**Task objective**
Return the full listing character for character, without its pictures.

**Provided data**
============================================================

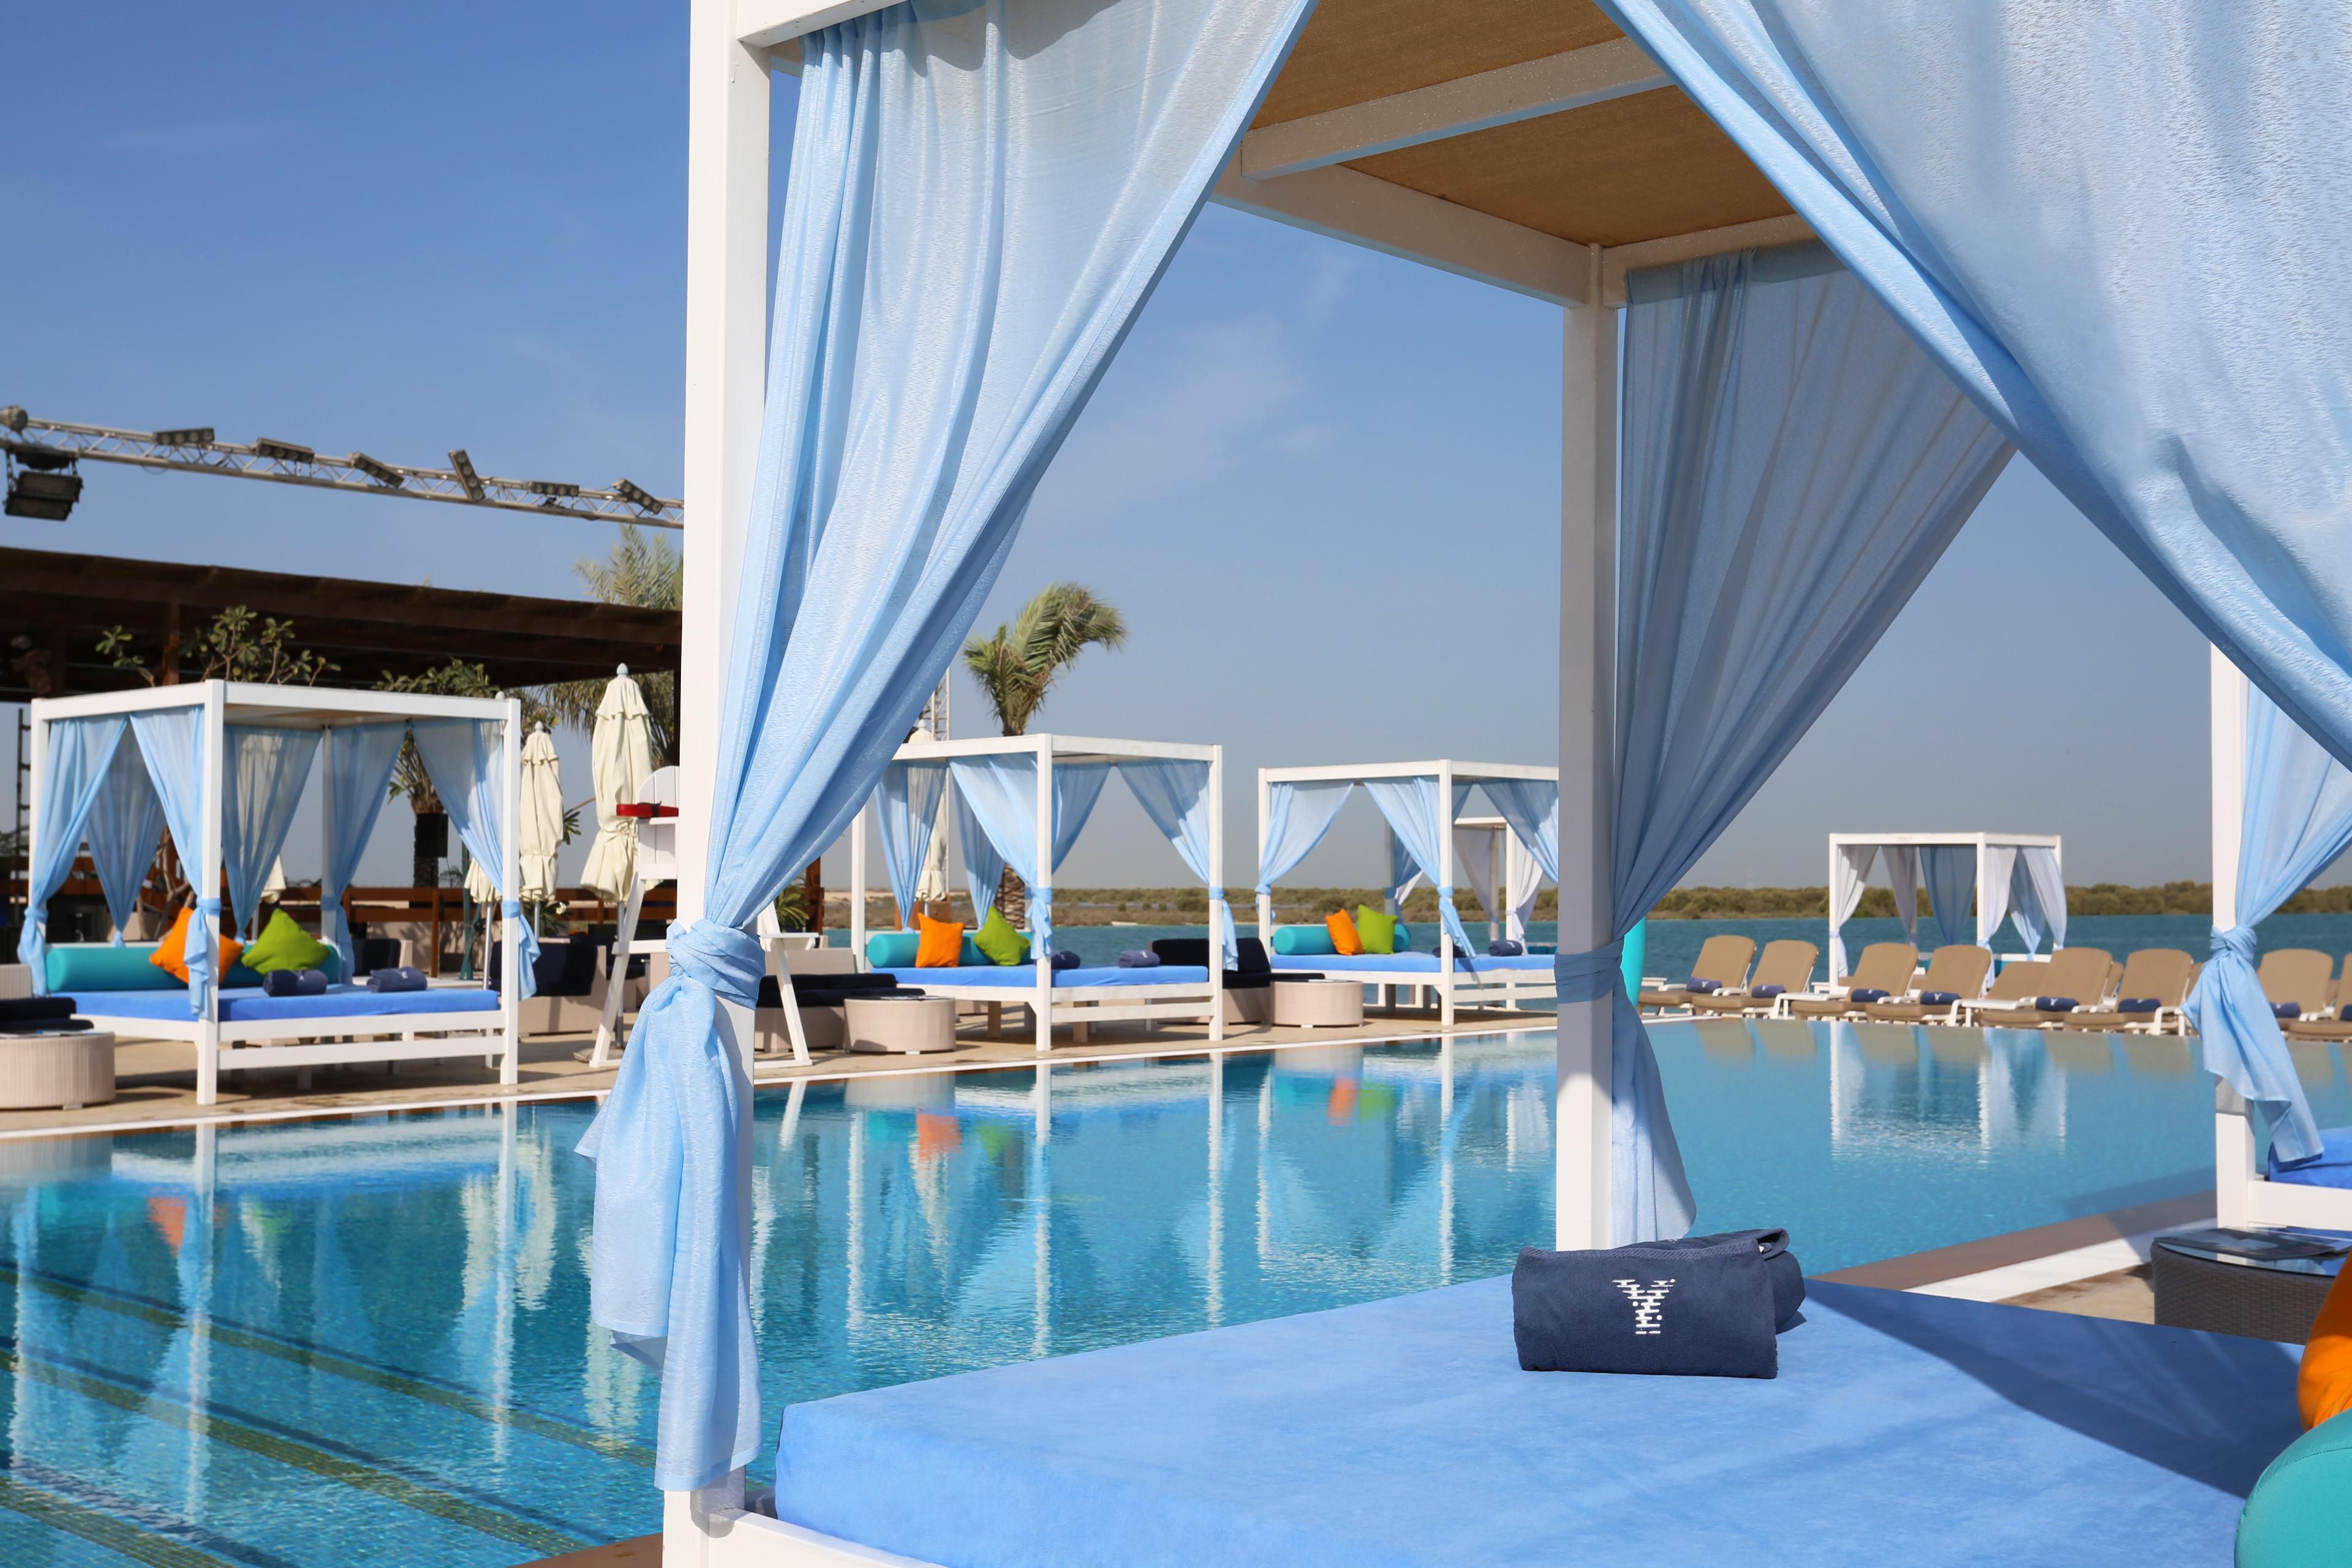 Have fun at the nearby Yas Beach Pool
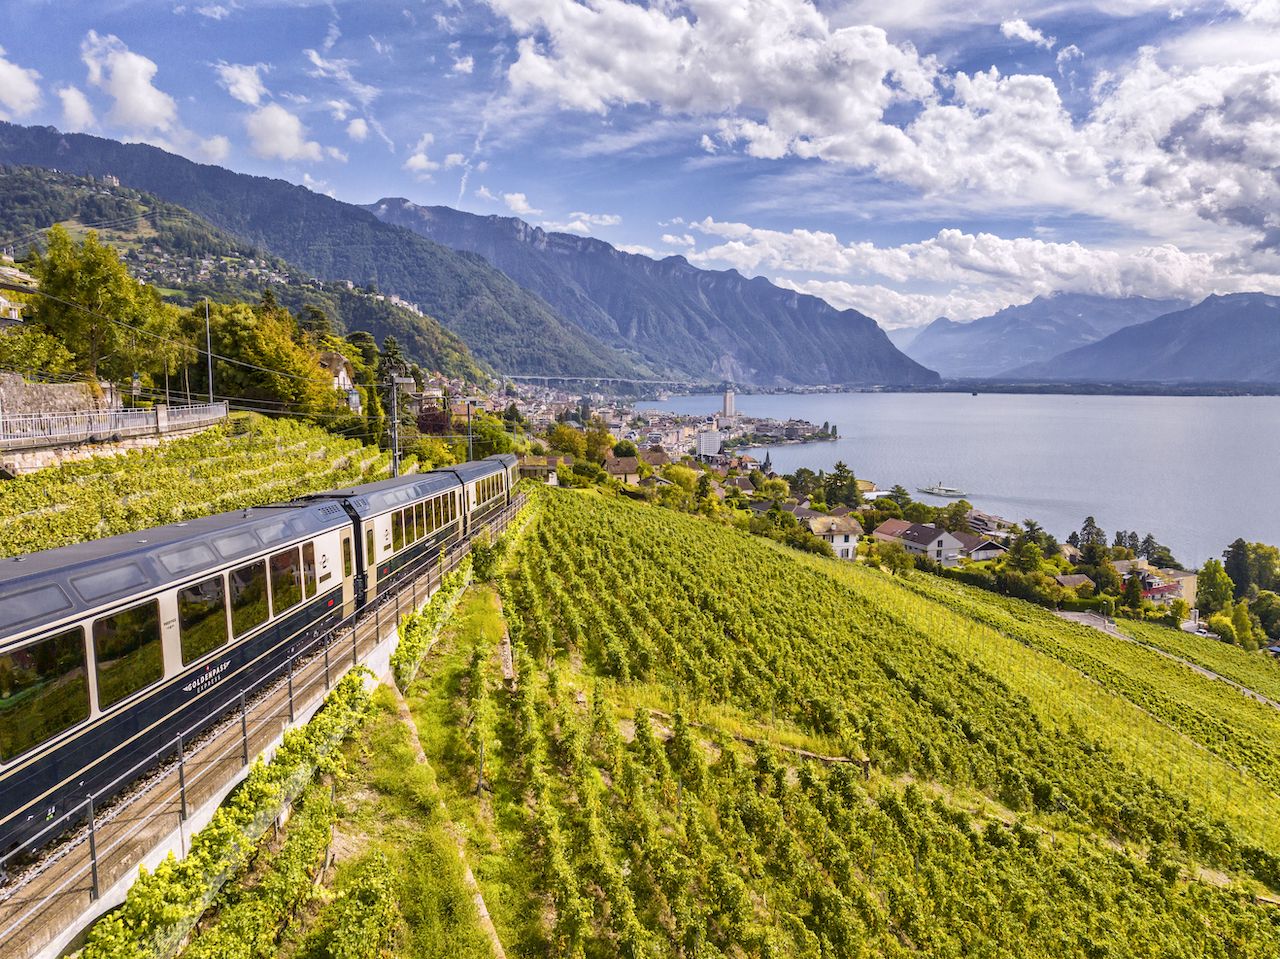 The canton of Vaud in Switzerland is set to launch the highly anticipated 115.34km GoldenPass Express Line next month, linking Montreux and Interlaken.  
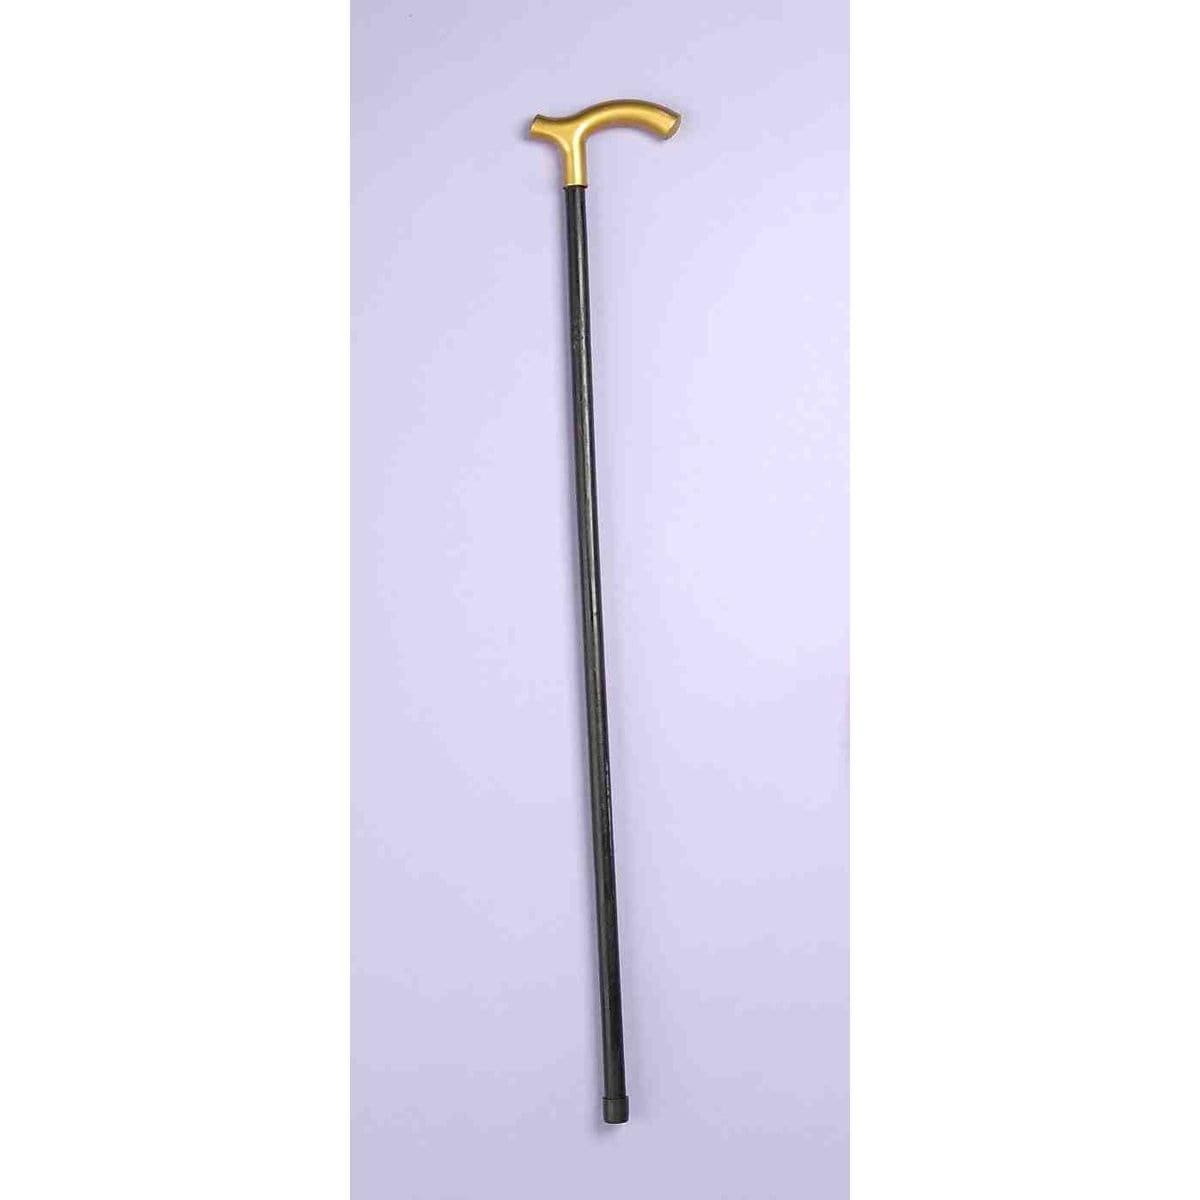 Buy Costume Accessories Walking cane sold at Party Expert

============================================================

**Result of the task**
 Have fun at the nearby Yas Beach Pool
 The canton of Vaud in Switzerland is set to launch the highly anticipated 115.34km GoldenPass Express Line next month, linking Montreux and Interlaken.  
 Buy Costume Accessories Walking cane sold at Party Expert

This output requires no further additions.